- Wilmington campaigns: Part of the American Civil War
| Date | December 7, 1864 – February 22, 1865 |
| Location | Eastern North Carolina |
| Result | Union victory |

Belligerents
- United States (Union): CSA (Confederacy)

Commanders and leaders
- Alfred Terry David D. Porter Benjamin Butler John Schofield: Braxton Bragg William Lamb William H.C. Whiting † Alfred H. Colquitt

Strength
- 100,000: 95,000

Casualties and losses
- 1, 971: 1,748

= Wilmington campaigns =

The Wilmington campaigns were part of a Union effort to take Wilmington, North Carolina, from the Confederates. Wilmington was the last major port on the Atlantic seacoast available to the Confederacy. Fort Fisher guarded the Cape Fear River and in order to capture Wilmington, Fort Fisher had to fall.

==First campaign==
On 7 December 1864, Union troops under command of General Benjamin Butler were sent to take the fort. Before the troops arrived, Admiral David D. Porter sent USS Wyalusing and two escort ships on an expedition to try to capture Rainbow Bluff and a Confederate ram. But Porter didn't know that there were Water mines in the river. Both of the escorts were sunk by the mines and the expedition was abandoned.

Colonel William Lamb was charged with defending Fort Fisher. The Union troops numbered about 6,500 men, and the Confederates had about 7,000. Due to a number of delays caused by storms, the attack didn't begin until 23 December. In the interim, General Braxton Bragg reinforced the Fort Fisher garrison.

The Navy began bombarding the fort and the Union troops started landing on Christmas morning, with Brig. Gen. Adelbert Ames' division the first ashore, and soon capturing a Confederate battery and two reserve battalions. After setting up a defensive line, Ames ordered N. Martin Curtis' brigade to reconnoiter the fort to see if it could be attacked. Curtis found the land wall lightly defended and was prepared to attack, but was prevented from doing so by Ames. By then, believing the fort to be too strong to assault, and with another storm forming in the area, Butler decided to halt the landings. He called off the campaign on 27 December, ignoring General Grant's orders to besiege the fort if an attack failed. The Union troops retreated back to their ships and returned to Hampton Roads and Fort Monroe.

==Second campaign==
When the December expedition against Fort Fisher failed, Maj. Gen. Benjamin Butler was relieved of command. Maj. Gen.
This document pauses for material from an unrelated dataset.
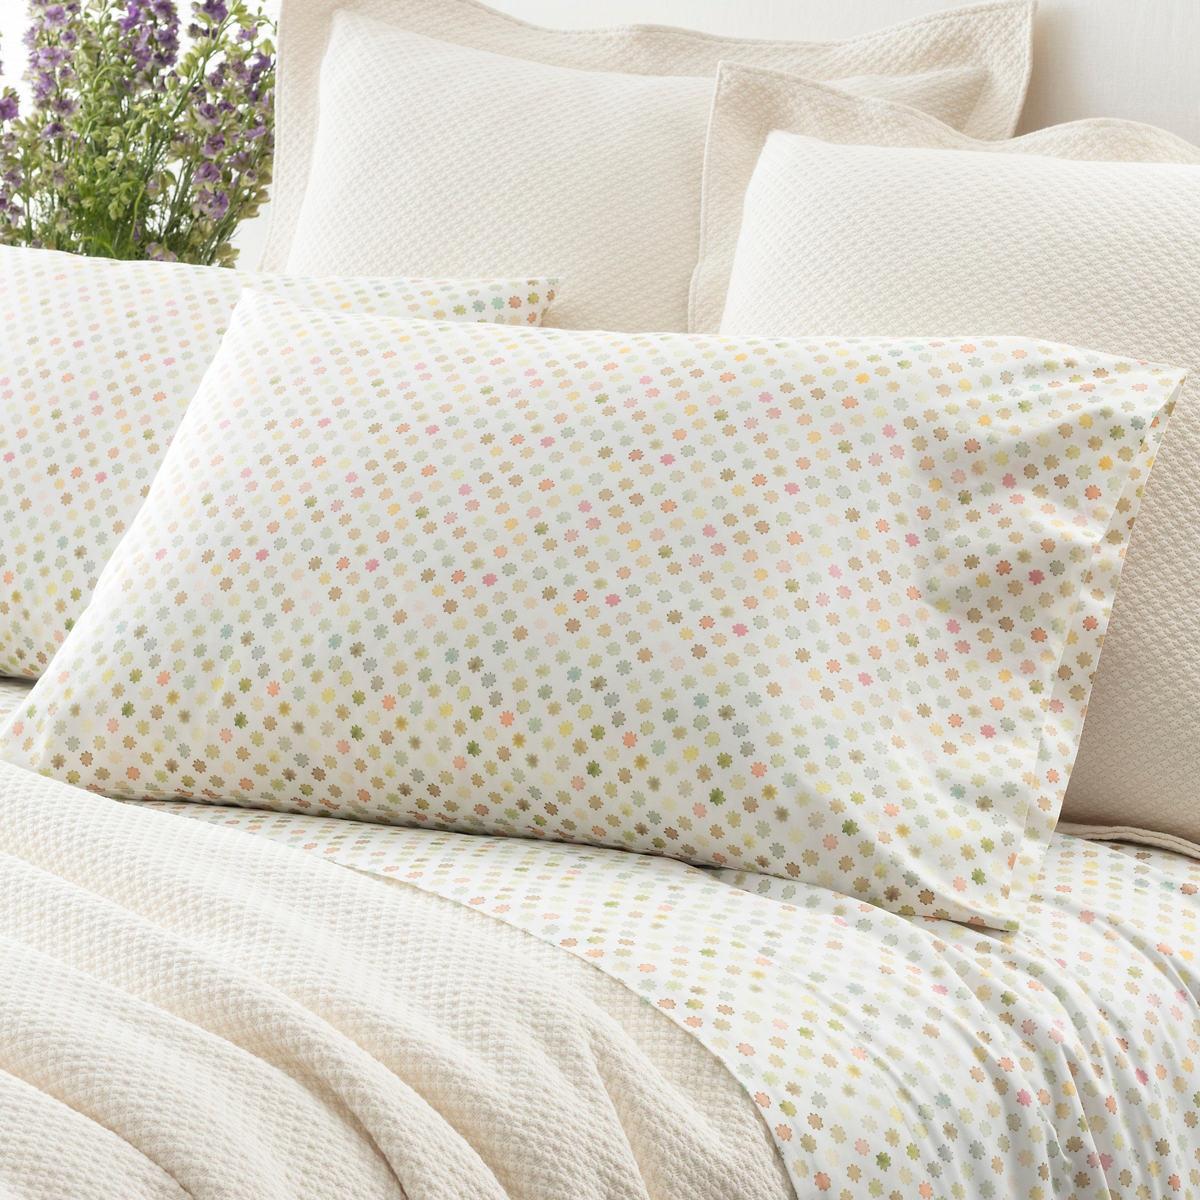 Watercolor Dots Pillowcases (Pair)

Alfred Terry was placed in command to make another attempt to take Fort Fisher several weeks later. General Terry selected Porter to land the troops. Union Marines landed, and fought their way up the beach. Soldiers engaged at point-blank range, and the beach was taken and the right side of the fort fell into Union hands. Then, after horrendous melee combat on the left side, the Confederates retreated to Fort Buchanan. That fort surrendered too and the way up the Cape Fear River was clear.

Then, General John Schofield was given the responsibility of making the attempt to take Wilmington. General Bragg prepared 6,000 men in the city. General Schofield had 12,000 men. The Union and the Confederates battled from February 11 until February 22. Bragg was forced to surrender Wilmington to the Union troops.